[[ Material for this exercise, beginning ]]

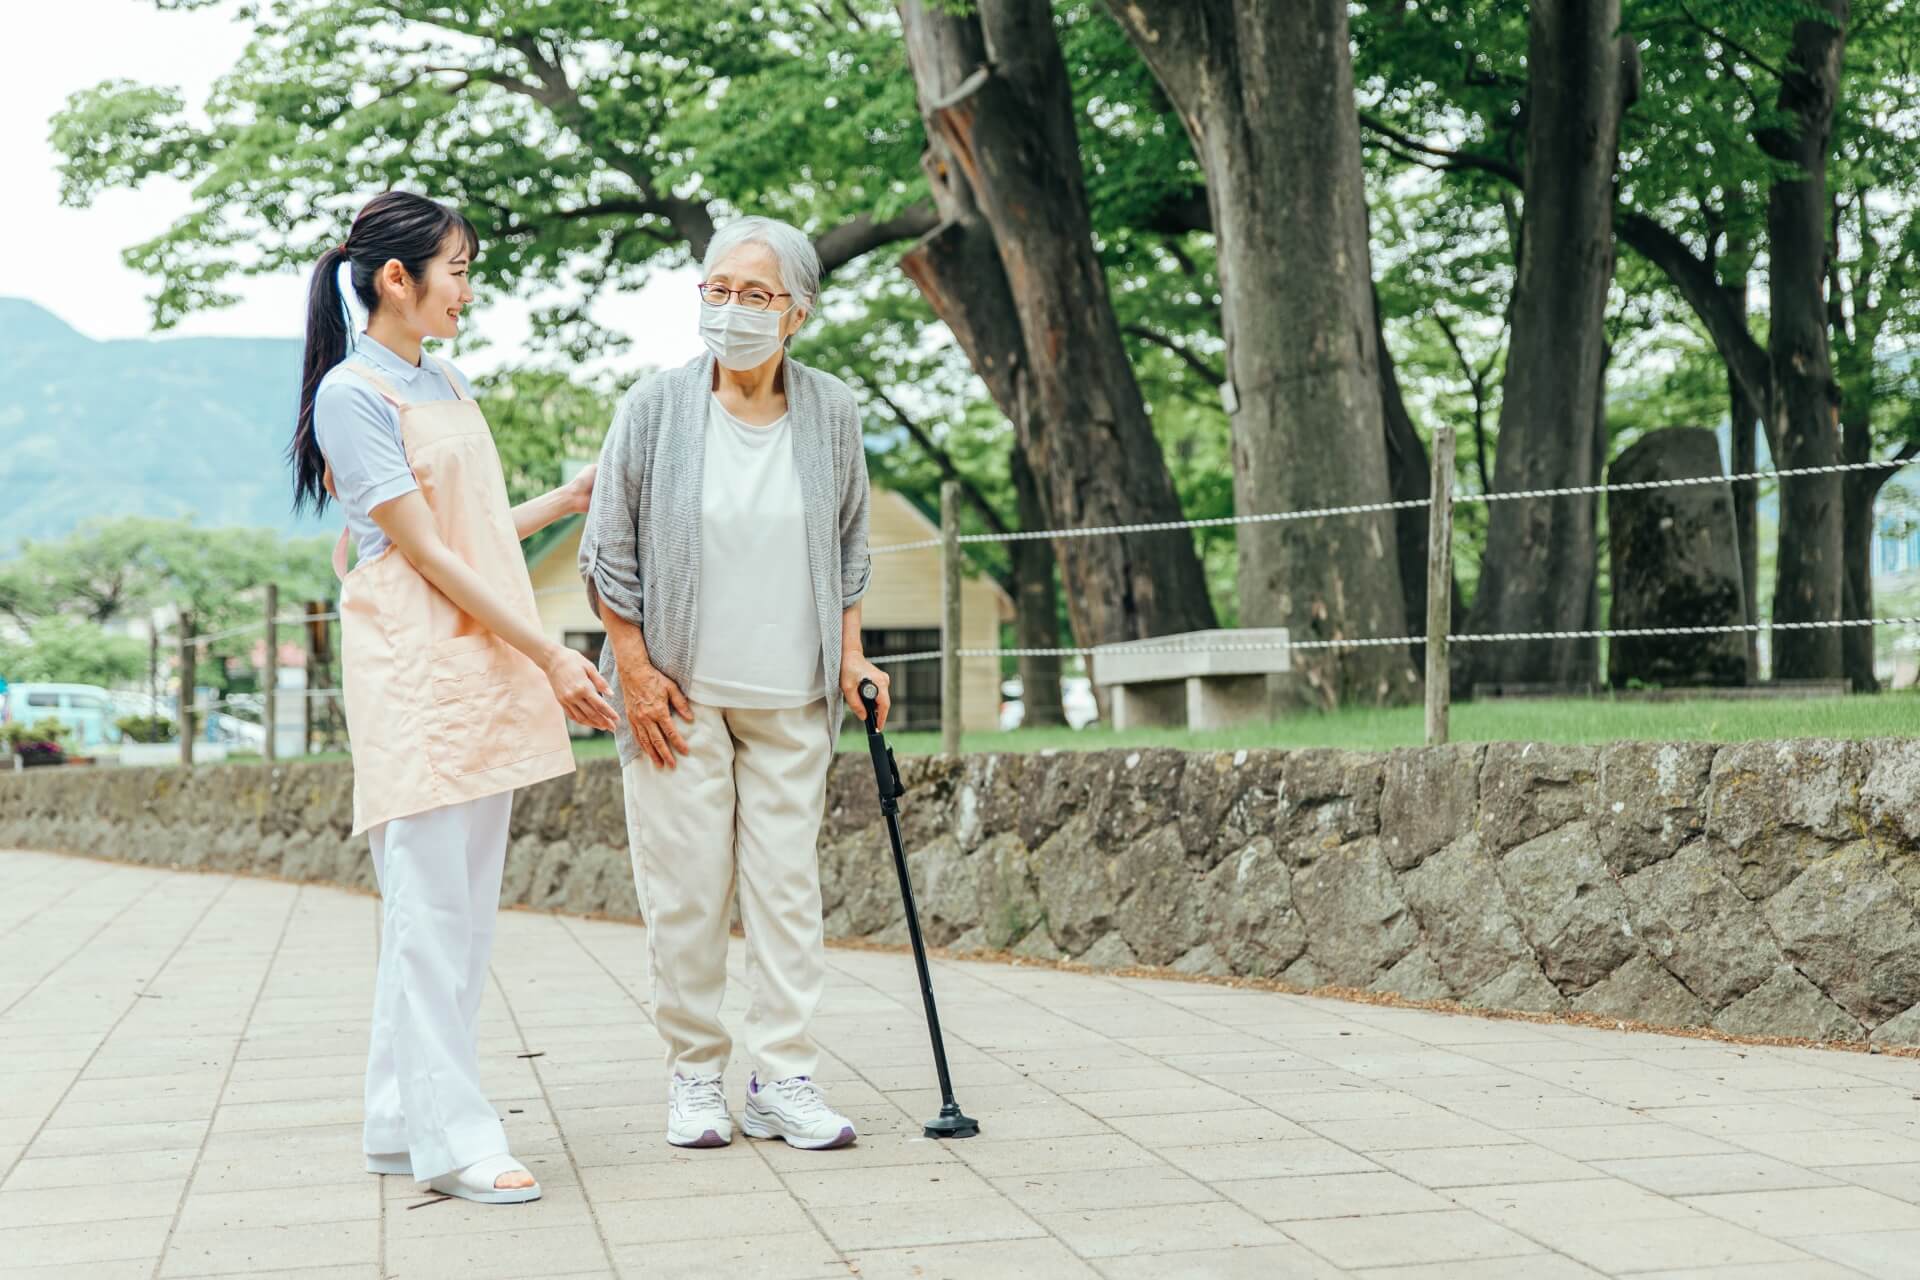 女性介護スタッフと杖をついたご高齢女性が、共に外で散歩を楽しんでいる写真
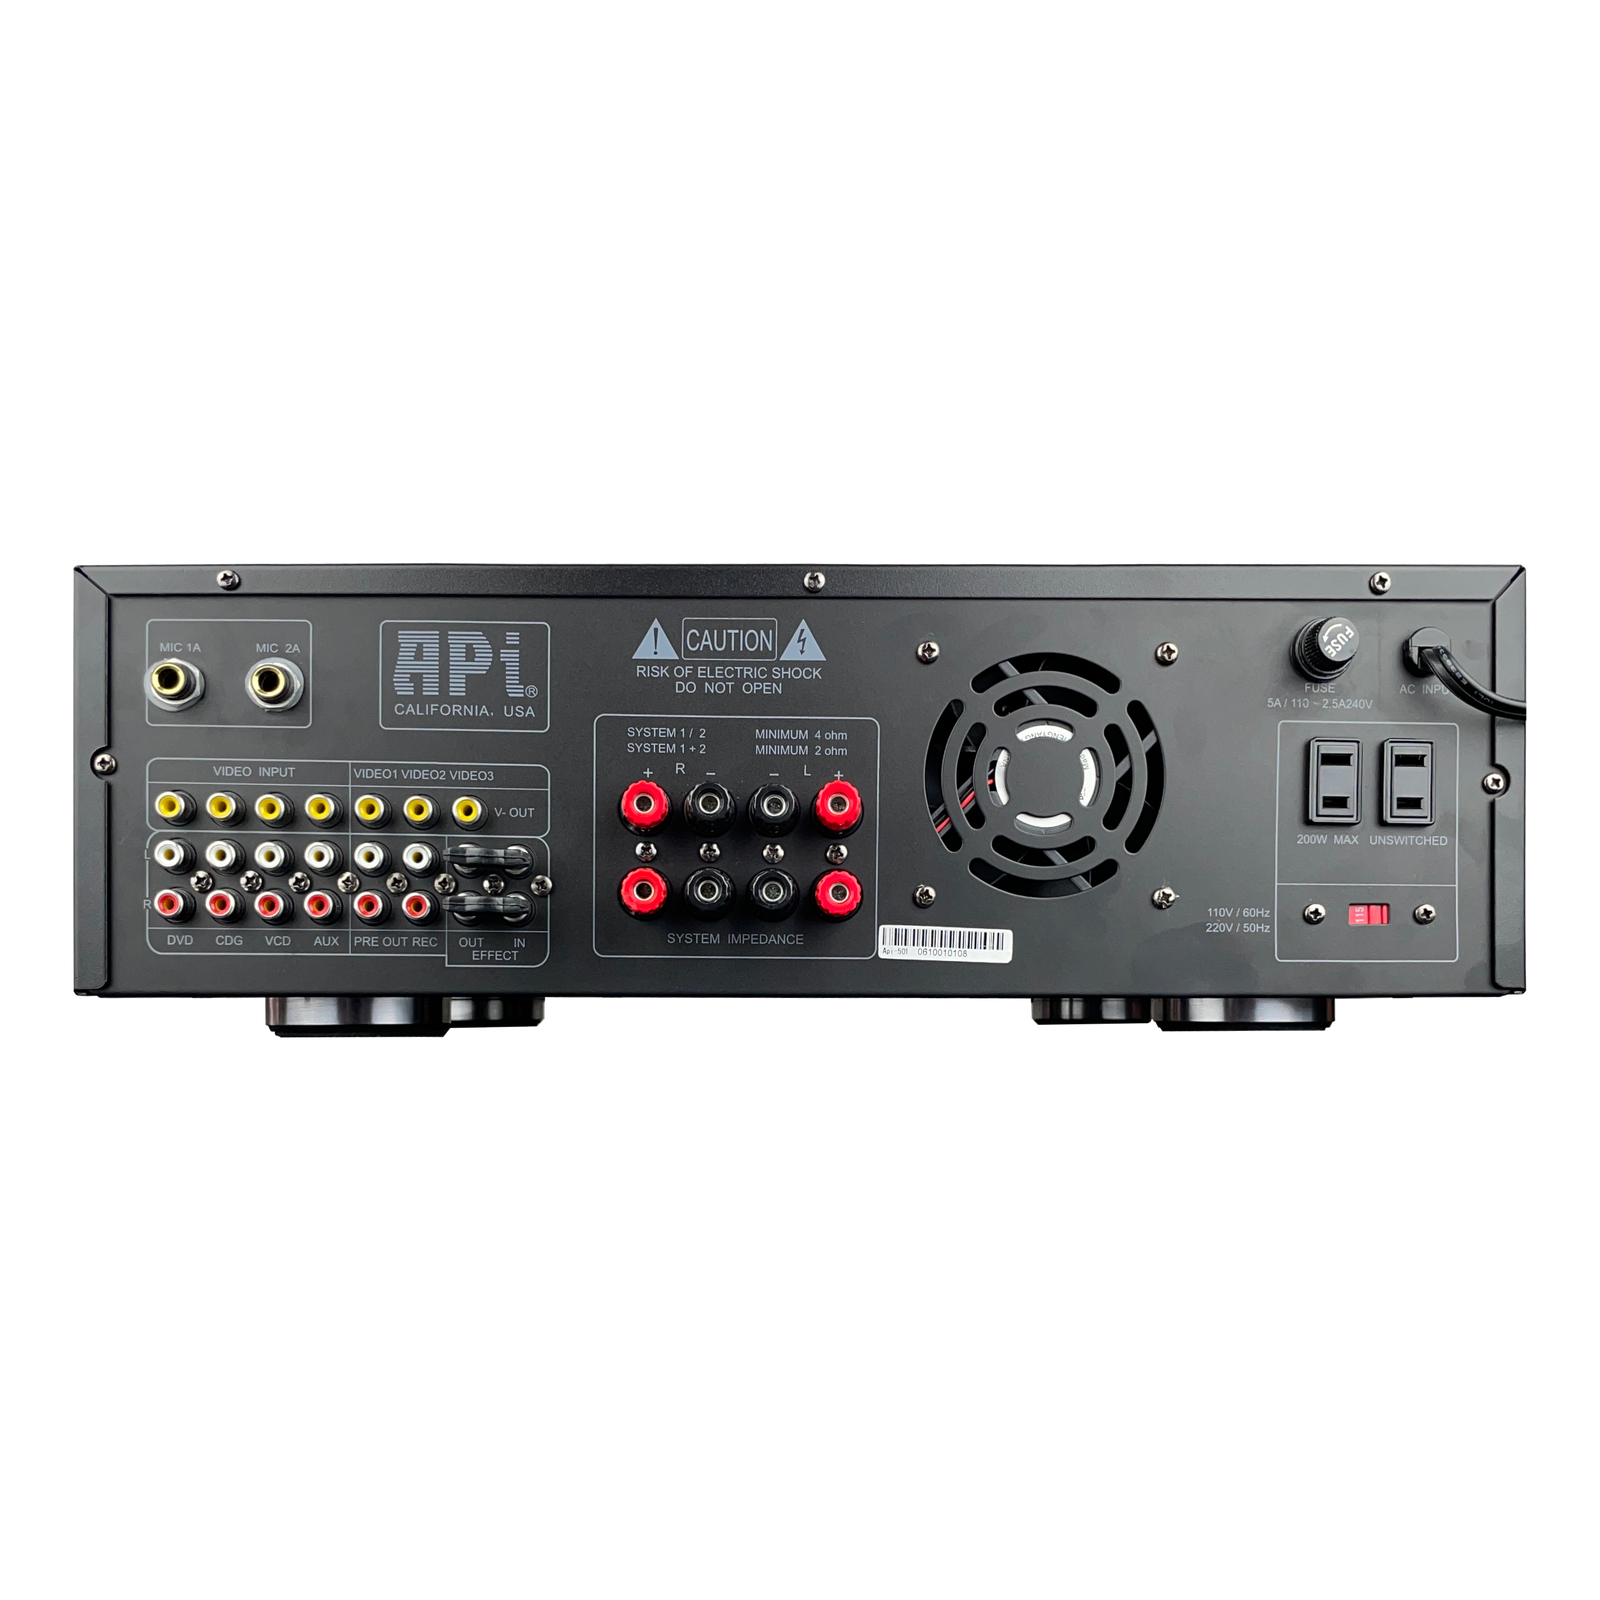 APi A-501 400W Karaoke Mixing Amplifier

[[ Material for this exercise, end ]]
[[ Material for this exercise, beginning ]]

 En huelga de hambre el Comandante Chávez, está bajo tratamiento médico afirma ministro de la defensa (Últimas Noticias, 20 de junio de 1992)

[[ Material for this exercise, end ]]

→ Description of the task:
Keep to the lines above from the line with "女性介護スタッフと杖をついたご高齢女性が、共に外で散歩を楽しんでいる写真" to the line with "APi A-501 400W Karaoke Mixing Amplifier", and set down exactly those, inclusive, with nothing else and every picture left out.

→ Result for this exercise:
 女性介護スタッフと杖をついたご高齢女性が、共に外で散歩を楽しんでいる写真
 APi A-501 400W Karaoke Mixing Amplifier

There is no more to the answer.